Generate a DeepDream image.
Inputs:
- X: Starting image, of shape (1, 3, H, W)
- layer: Index of layer at which to dream
- model: A PretrainedCNN object
Keyword arguments:
- learning_rate: How much to update the image at each iteration
- max_jitter: Maximum number of pixels for jitter regularization
- num_iterations: How many iterations to run for
- show_every: How often to show the generated image
"""
X = X.copy()
learning_rate = kwargs.pop('learning_rate', 5.0)
max_jitter = kwargs.pop('max_jitter', 16)
num_iterations = kwargs.pop('num_iterations', 100)
#num_iterations = 1
show_every = kwargs.pop('show_every', 25)
for t in xrange(num_iterations):
# As a regularizer, add random jitter to the image
ox, oy = np.random.randint(-max_jitter, max_jitter+1, 2)
X = np.roll(np.roll(X, ox, -1), oy, -2)
dX = None
############################################################################
# TODO: Compute the image gradient dX using the DeepDream method.

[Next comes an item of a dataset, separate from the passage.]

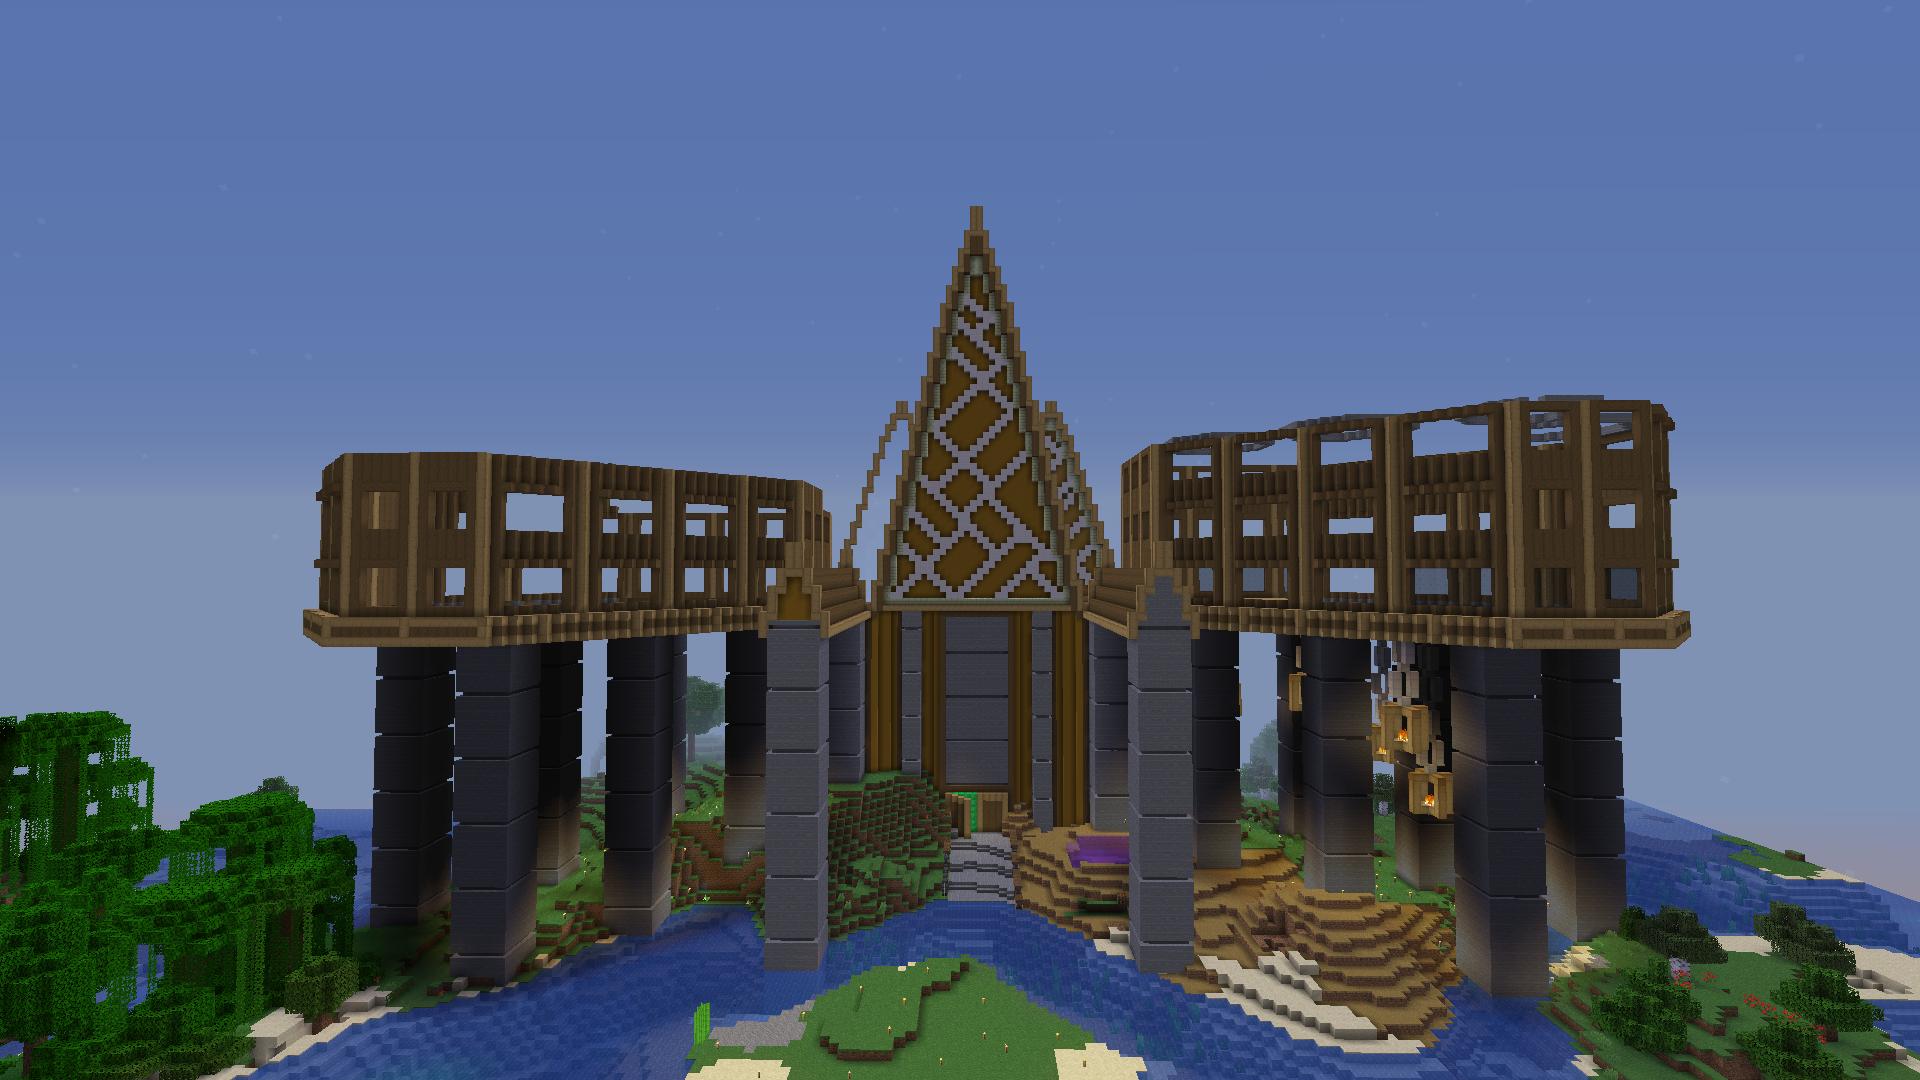 My Minecraft Survival Mega Base So Far What Do You Think By U Oppositegame Minecraft Survival Minecraft Survival

You'll #
# need to use the forward and backward methods of the model object to #
# extract activations and set gradients for the chosen layer. After #
# computing the image gradient dX, you should use the learning rate to #
# update the image X. #
############################################################################
out, cache = model.forward(X, end=layer)
dX, _ = model.backward(out, cache)
#dX *= 1.0/np.abs(dX).mean() #normalize the step size, learned from google's article
X += learning_rate*dX
############################################################################
# END OF YOUR CODE #
############################################################################
# Undo the jitter
X = np.roll(np.roll(X, -ox, -1), -oy, -2)
# As a regularizer, clip the image
mean_pixel = data['mean_image'].mean(axis=(1, 2), keepdims=True)
X = np.clip(X, -mean_pixel, 255.0 - mean_pixel)
# Periodically show the image
if t == 0 or (t + 1) % show_every == 0:
img = deprocess_image(X, data['mean_image'], mean='pixel')
plt.imshow(img)
plt.title('t = %d' % (t + 1))
plt.gcf().set_size_inches(8, 8)
plt.axis('off')
plt.show()
return X
In [58]:
def read_image(filename, max_size):
"""
Read an image from disk and resize it so its larger side is max_size
"""
img = imread(filename)
H, W, _ = img.shape
if H >= W:
img = imresize(img, (max_size, int(W * float(max_size) / H)))
elif H < W:
img = imresize(img, (int(H * float(max_size) / W), max_size))
return img
filename = 'kitten.jpg'
#filename = 'sky.jpg'
max_size = 400
img = read_image(filename, max_size)
plt.imshow(img)
plt.axis('off')
# Preprocess the image by converting to float, transposing,
# and performing mean subtraction.
img_pre = preprocess_image(img, data['mean_image'], mean='pixel')
out = deepdream(img_pre, 7, model, learning_rate=2000)
We can see a lot of dog faces in the image, when I looked for the reason it turned out that the imagenet dataset has lots of dog faces, which explains the reason.